His inspiration for Professor Bernard Quatermass’ third appearance on television had been the Notting Hill race riots that struck the London suburb during the summer of 1955. The almost tribal conflict that took place back then - and which would flare up time and again throughout the following 40 years - caused the writer to ponder the causes of such unrestrained aggression.
So did Kneale, and why especially in a country considered as civilised and as on the up as late 1950s Britain thought itself to be. The economic shocks of the 1970s were more than a decade and a half away, and Britons back then “never had it so good”, as Prime Minister Harold Macmillan would insist in 1957. It struck Kneale that racial conflict and violence must be a very deep part of the human condition that it could explode through to the surface even in prosperous times.
“The last adventure, which I called Quatermass and the Pit, went way past the concerns of the time and into an ancient and diabolical race memory,” said Kneale in 1996. “It sought to explain man’s savagery and intolerance by way of images that had been throbbing away in the human brain since it first developed. Racial unrest, violence and purges were certainly with us in the 1950s, and I tried to speculate on where they first came from.”
Source: BBC/2 Entertain
And this, suggested Kneale, was the source of all human conflict.
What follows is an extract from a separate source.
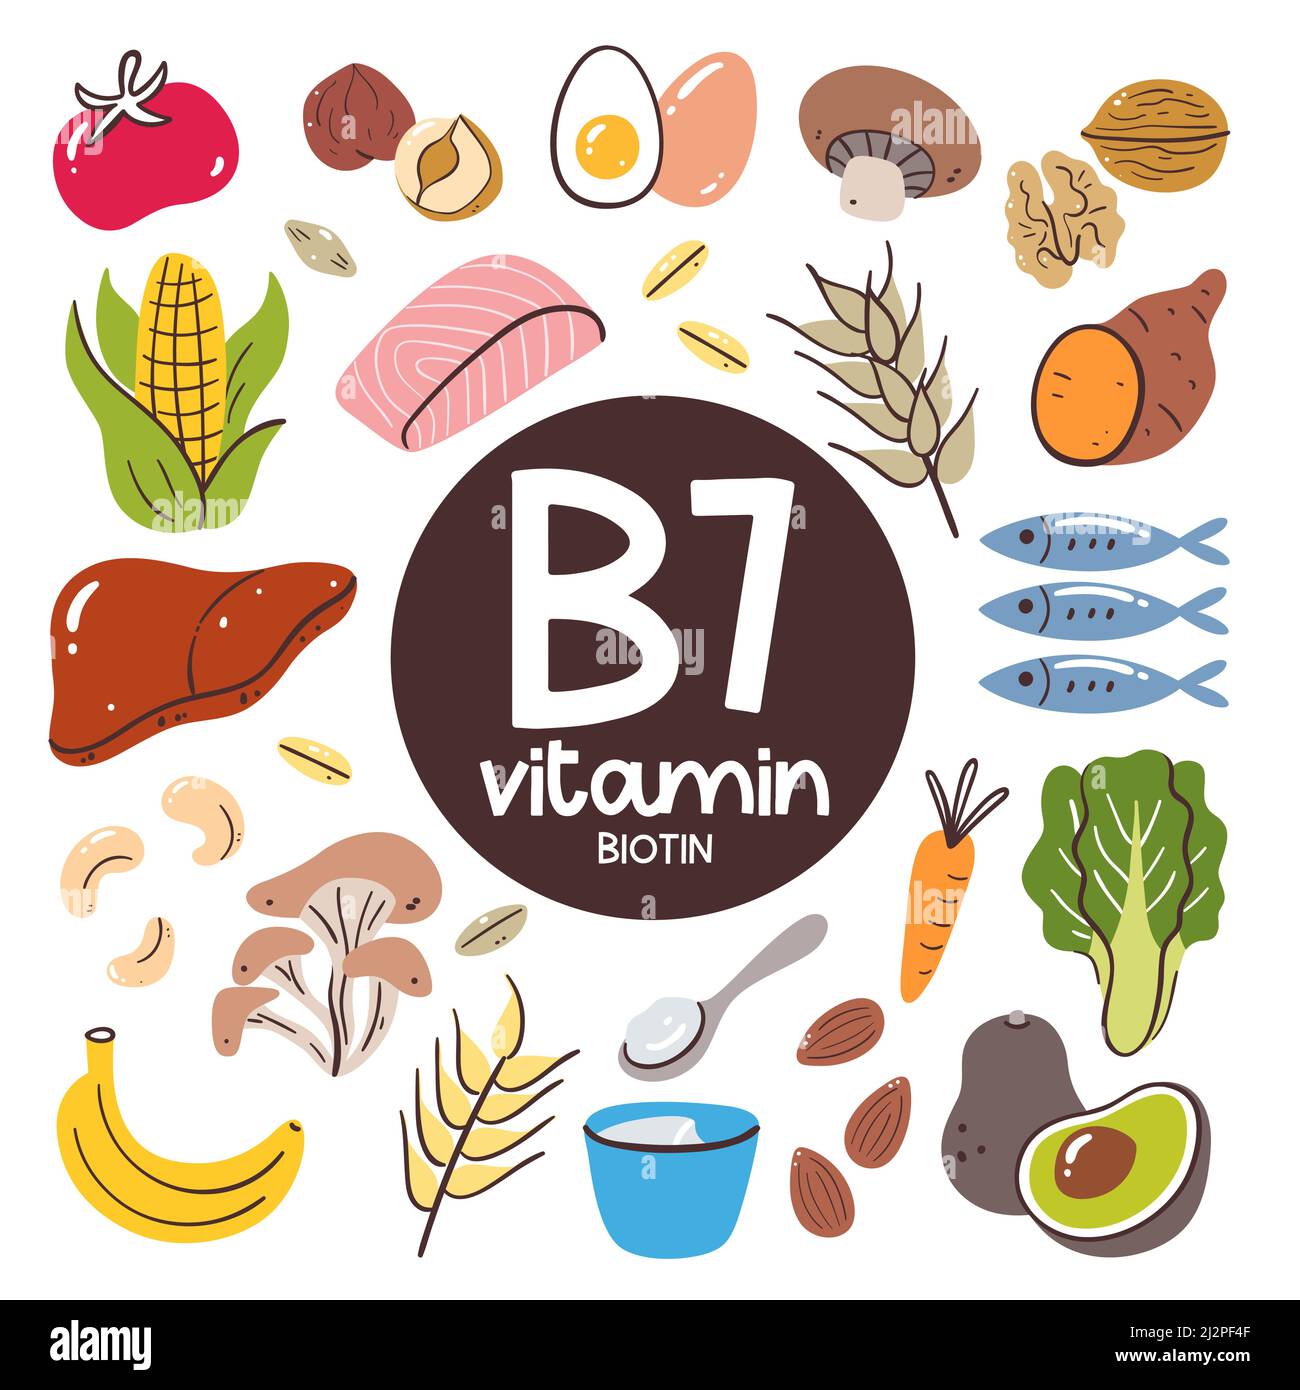 Nahrungsmittel mit hohem Vitamin-B7-Gehalt (Biotin). Zutaten zum Kochen. Obst, Gemüse, Pilze, Nüsse, Milchprodukte, Fisch, Leber. Stock Vektor
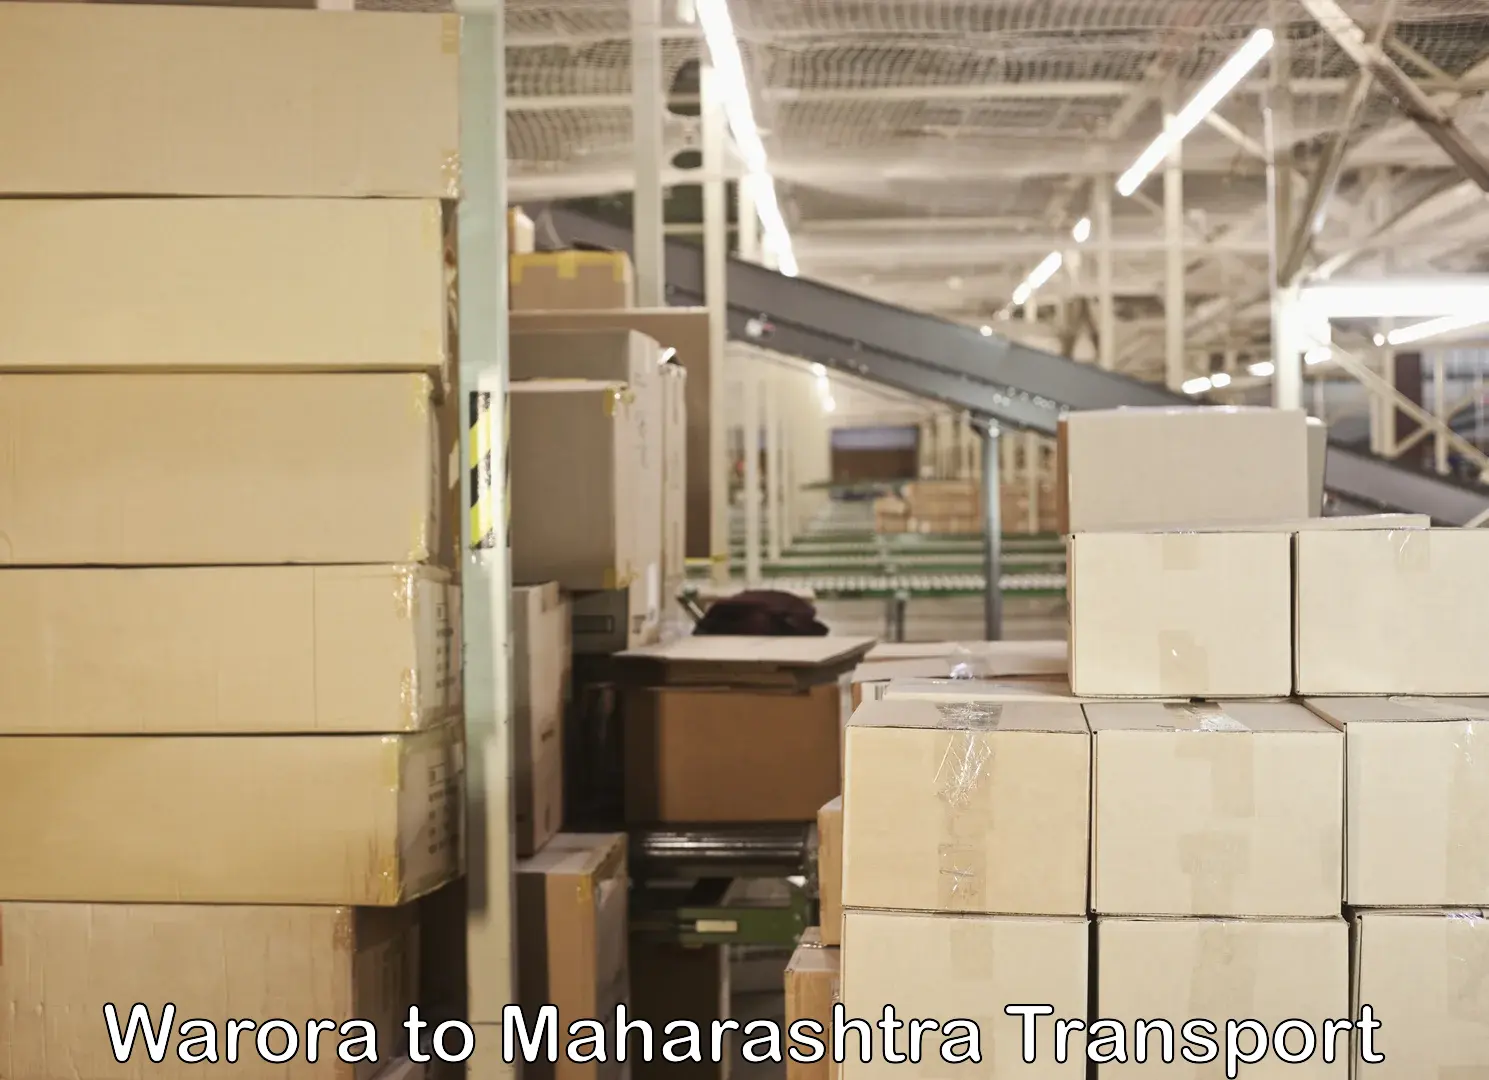 Commercial transport service Warora to Maharashtra

Britain may have been booming, but the privations arising from World War II had not been forgotten, nor the austerity years that followed it. The Suez Crisis had shamed Britain in 1956, only three years after Britain’s involvement in the Korean War came to an end. Both were fights explicitly associated with the Cold War simmering between the Western nations and the Soviet Bloc.
Indeed, it’s the Cold War stand-off that brings Britain’s best-known rocket scientist, Professor Bernard Quatermass, into the story when he is called upon by the War Office - it wouldn’t become the Ministry of Defence until 1964 - to advise on the siting of nuclear weapons in space and on the Moon.
Source: BBC/2 Entertain
“The setting up of permanent bases on the Moon and possibly Mars also is a certainty in the next five to seven years. Those bases will be military ones. The present state of world politics leaves no doubt about that,” the Colonel warns.
Furious, the professor goes off in a huff and into the path of Canadian anthropologist Matthew Roney. Roney is keen to tap Quatermass’ ministry connections when his work recovering humanoid fossils discovered under a Knightsbridge building site reveals what is first thought to be an unexploded German bomb buried since World War II.
It’s a bombshell to be sure: but not rusting Nazi ordnance. Instead, it is revealed to be a crashed space capsule in which Quatermass discovers the preserved remains of what he guesses to be a Martian crew. They’re all small, green and have three legs - what else could they be? Quatermass knows his Wells. And Mars is, after all, the “Bringer of War”.